Friday, January 13, 2012

I Think There Was Caffeine in That. . . .

So I was thinking about starting a new blog that was not about my life, but was a realistic story about SOMEONE's life from their perspective. I wrote one post and then I nixed the idea. I'm just not good at coming up with interesting things about real life and things nowadays. I prefer something more fantastical. But the idea is still lingering. Maybe something more Sci-fi though. . . . If I do, I'll probably let all of my (four? three?) readers know.

I miss other people's blogs. Mike used to blog. Mom only did it once. :/ Dave used to write about his life. That could get long-winded, but I felt informed. Of course, he calls me now, so that's all good. :) Zack was blogging for a little while, but he hasn't done that in well over a year. (I know because the last post was like three-five months before we got married [I think] and we've almost been married for a year.)

Speaking of which, we've been married for almost a year! =D That's pretty cool. It's also weird. Sometimes I wonder when the "newlywed" feeling is going to go away. Or if it only goes away if things get hard. Or when you start having kids. Or what exactly. I don't know. I know that sometimes I feel like an old married couple, and sometimes I feel like it's been a few months.

I think part of that is that the passing of time is all mixed up for me right now due to the lack of seasons in CaliLand. There are only two. . . . How am I ever supposed to feel like it's been a year when we've only had two seasons? Or maybe, I'll just know that time is passing because "Summer is here again already!?" ;) Hehe. I always have great ambitions to get tan and then it gets hot and I spend all my time inside and out of the sun as much as possible.

On the up side, we don't have a water bill at our apartment so I can cool off in the shower as much as I want. I'm also already trying to come up with cute/nice ways to keep my hair up all summer so I don't end up chopping it off again. I would like to grow it out for the cooler months, but my hair doesn't grow fast enough for that to work unless I can make it through at least one summer. We'll see if I can make it this year. I'm betting I won't. Hahaha.

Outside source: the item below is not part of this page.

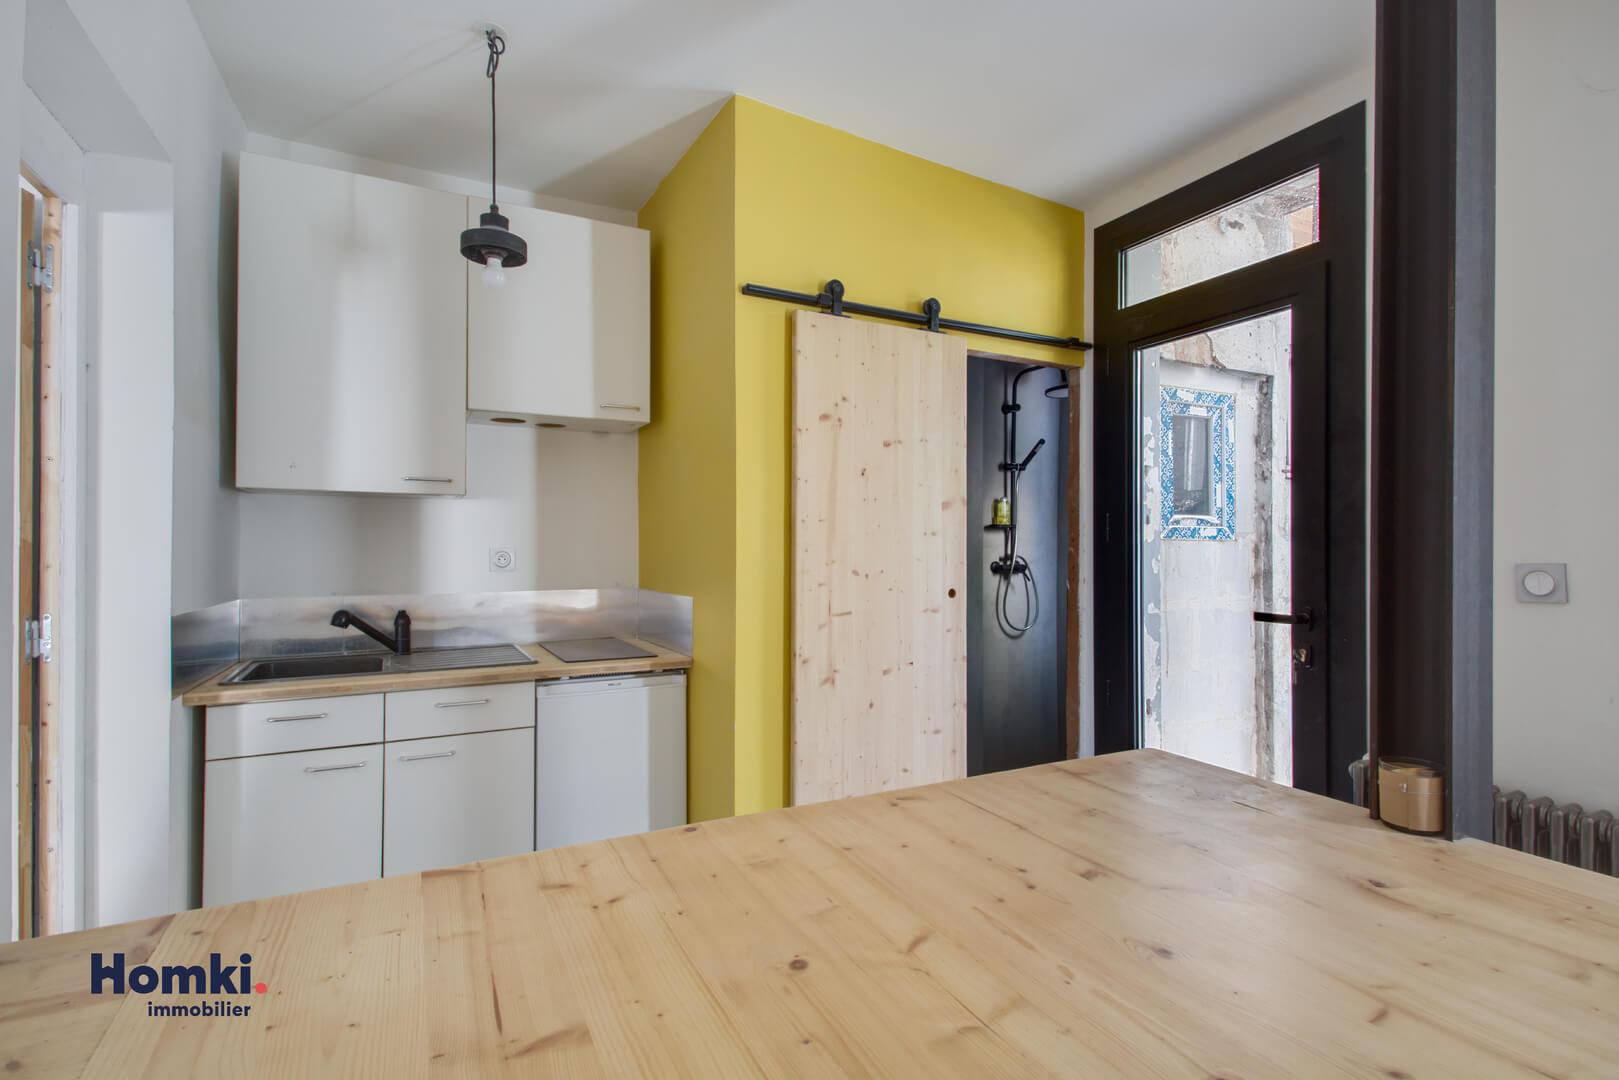 Vente maison 100 m² T4 13007_11
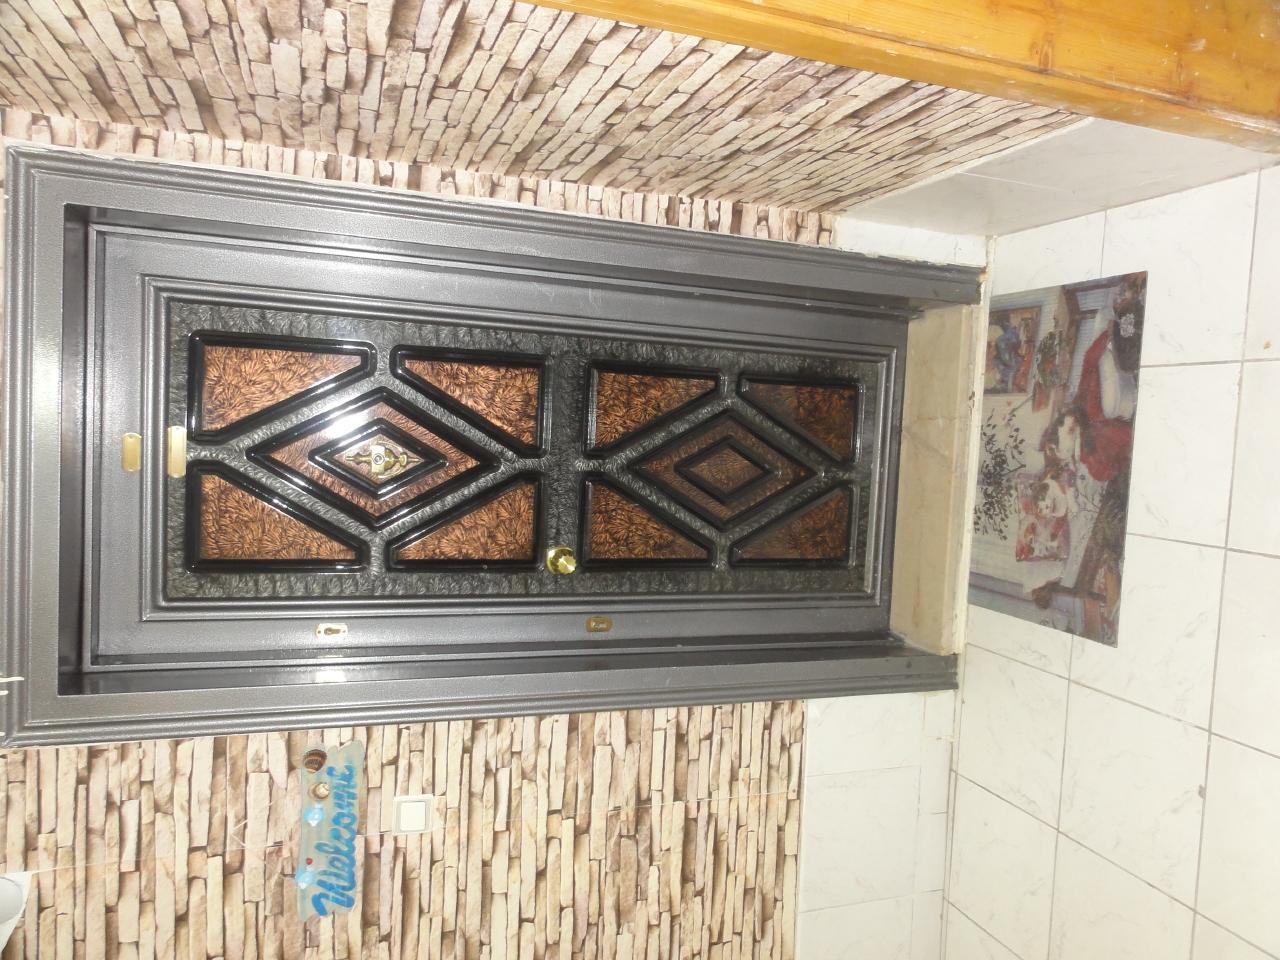 Ferienwohnung Evodak Apartment D 2A (1710500), Balgat, , Zentralanatolien, Türkei, Bild 23

Also, I like losing weight. It makes me happy. I feel better and it makes me want to move so that it doesn't come back. I lost some weight over the holidays (weird, right? Not really, I had the flu) and I SOOOOOOOOOOOOOOOO want it not to come back. So I think I'm going to start working out again - something I should have already been doing. There's a treadmill in the common room of the apartment complex. I should really start making use of it. I don't need a jogging buddy if I'm on the treadmill.

Anyway. Lots of random things this time.